III. Everyday Examples
There are several examples, after all, this is applicable to essentially every digital system you can think of. Here are a few:
- School: Teachers/admins can edit grades, attendance, or profiles. Staff can also make a comprehensive report of the student's grades.
- Work: Managers have HR dashboards, can and do access logs, modify permissions panels, and also manage employee emails/accounts.
- Web Platforms: Support teams can reset your password, ban users, or view activity.

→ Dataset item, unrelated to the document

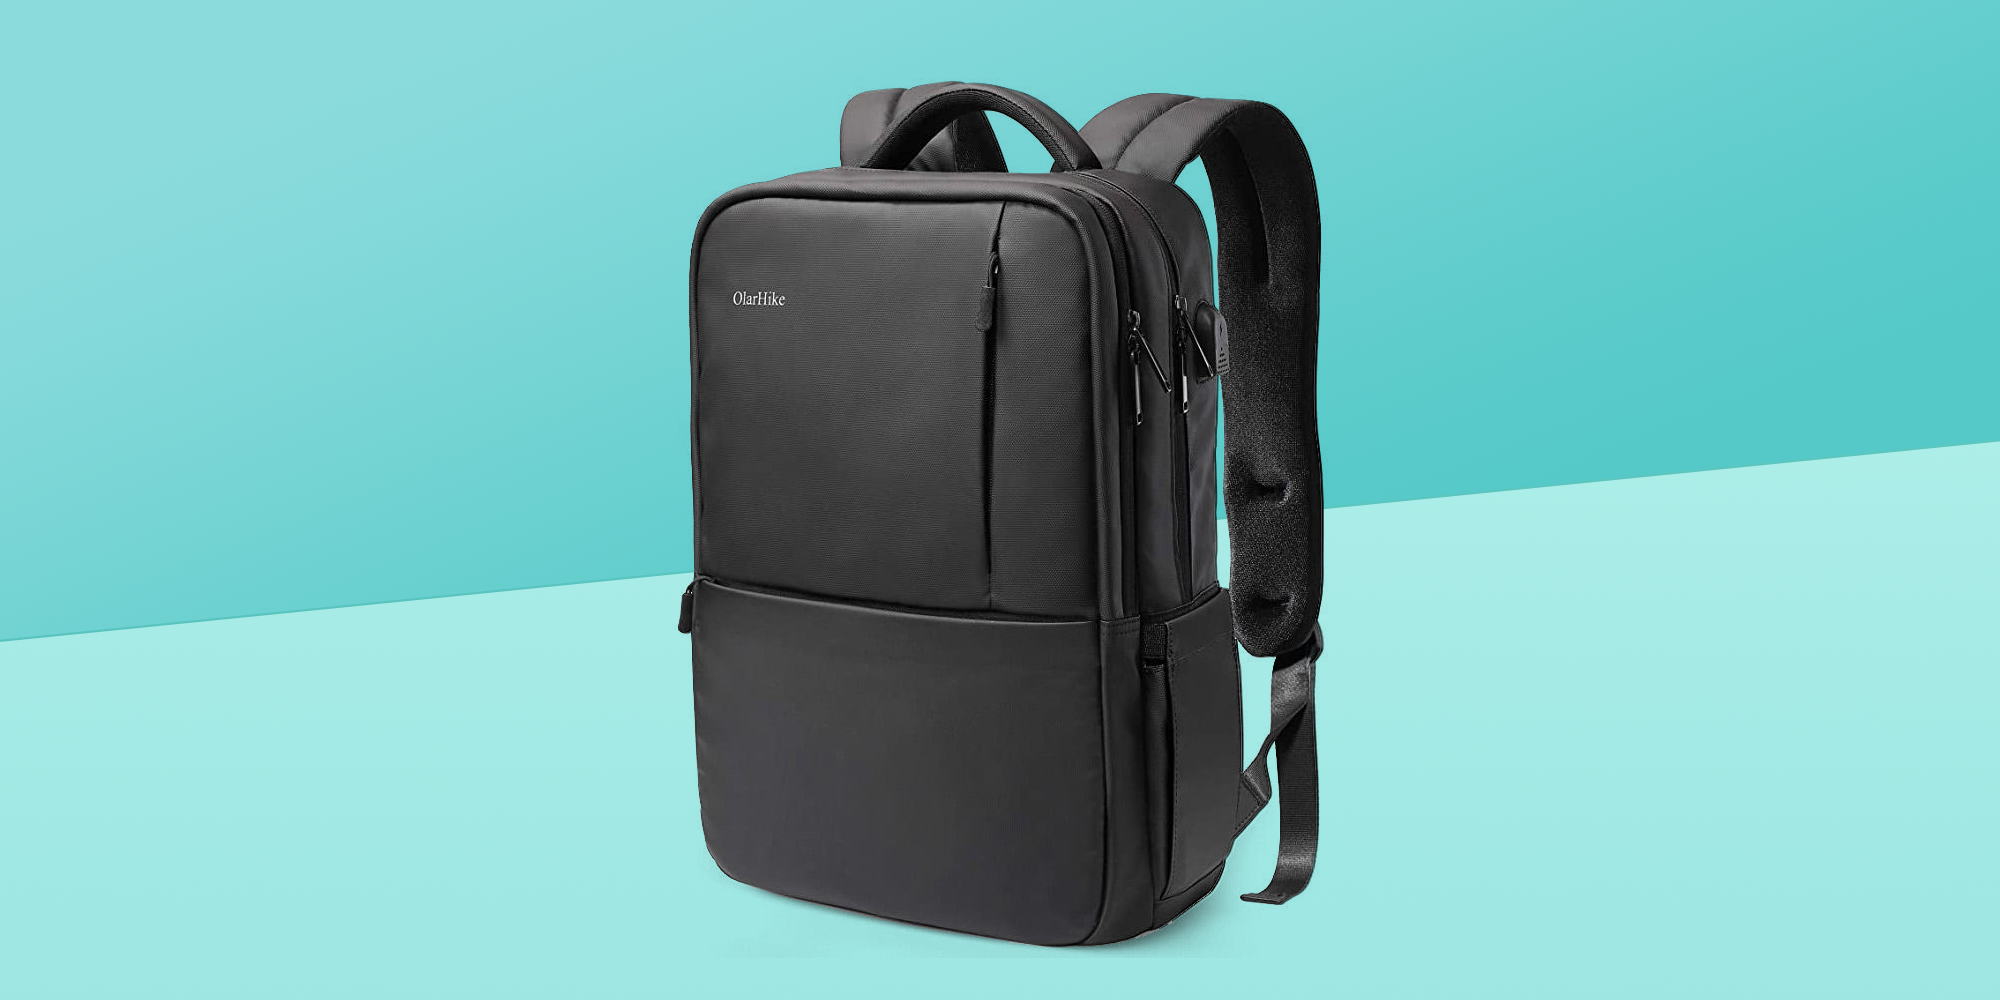 Boys/Girls School Bag Sport Backpack Bookbag Waterproof Travel Light Rucksack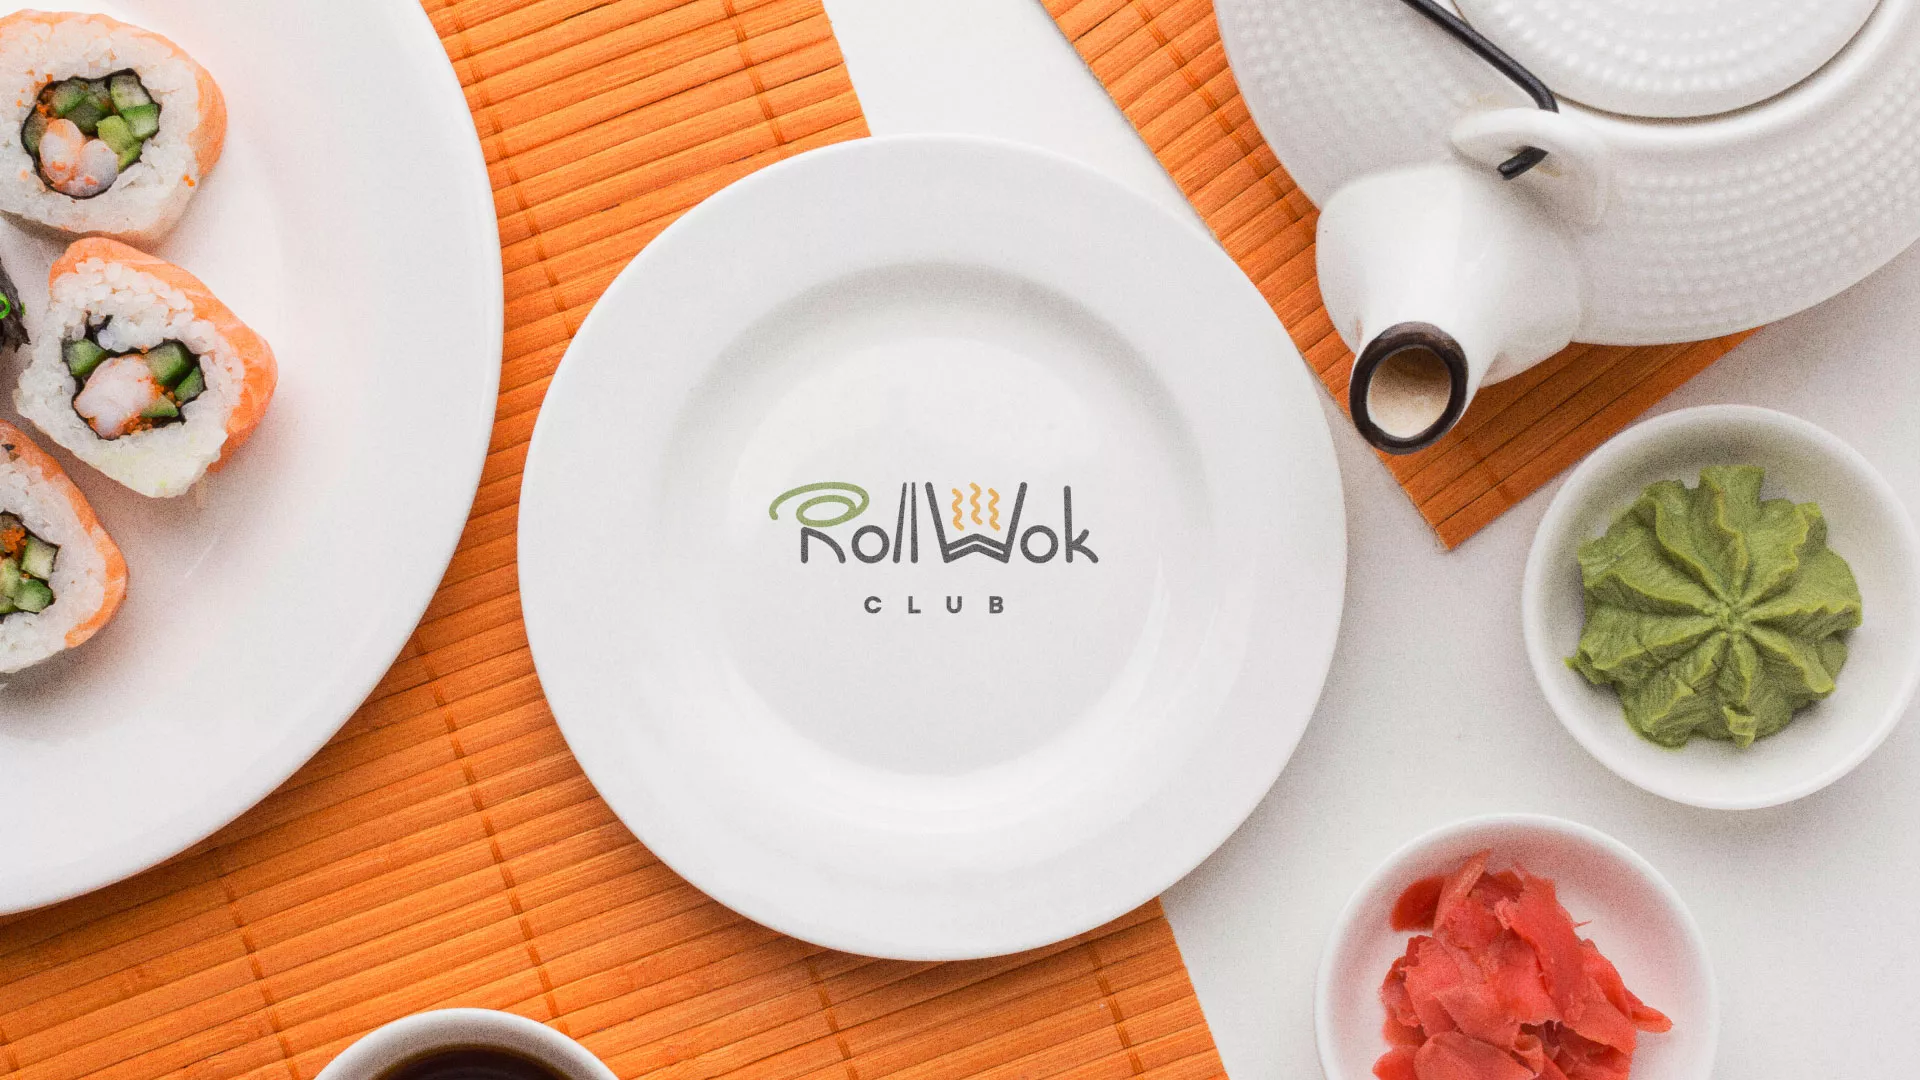 Разработка логотипа и фирменного стиля суши-бара «Roll Wok Club» в Звенигово

- Tech Companies: Tesla can disable your unsafe Tesla from charging, Apple can enable and disable their devices remotely with Activation Lock
- Social Media: Moderators can delete posts without your consent or ban users silently, and can refuse to acknowledge attempts for unbans.
IV. The Power Dynamic
This backend existing and having restricted access to it creates an inherent digital hierarchy. The internet is mostly democratic in a way, the people can decide whether to use a service or not. But even in this equal system, there is always someone at the tip top who can see more and hence decides more. And these systems can be surprisingly simple given how much power they contain. All it takes a checkbox or some code to ban an IP address, disable a phone or car, shadowban someone, or disable an employee's access to their email.
V. The Desire to Access
There are two types of people on the internet: those in control and those not in control. You are either in control of the website or you are not. There's a room (or rooms) in company headquarters where decisions about users happen. Should we check the box and ban this person, only to have support take weeks to respond to them? What if we expose a famous person's bookmarked posts? Why should we even tell someone we fired them when we could just reset their email password? There is a high degree of control they have, a large amount of destruction that is possible.
VI. The Risks
The fact that access to this backend exists makes every single digital system vulnerable. A company could be as private as they want, but as long as company backdoors exist, there will be vulnerabilities. This is why smart hackers rarely attack your regular Joe. They attack employees in order to phish the boss, and the boss has access to the admin panel. Essentially, when you trust a system, you also trust who is behind the curtain. You and I trust them to not abuse their backdoor access, and to protect the backdoor from others.
VII. Closing / Reflection
Every digital system has a hidden layer of control. Who controls the systems you use? What would you do with access to the hidden screen?
Thank you for reading!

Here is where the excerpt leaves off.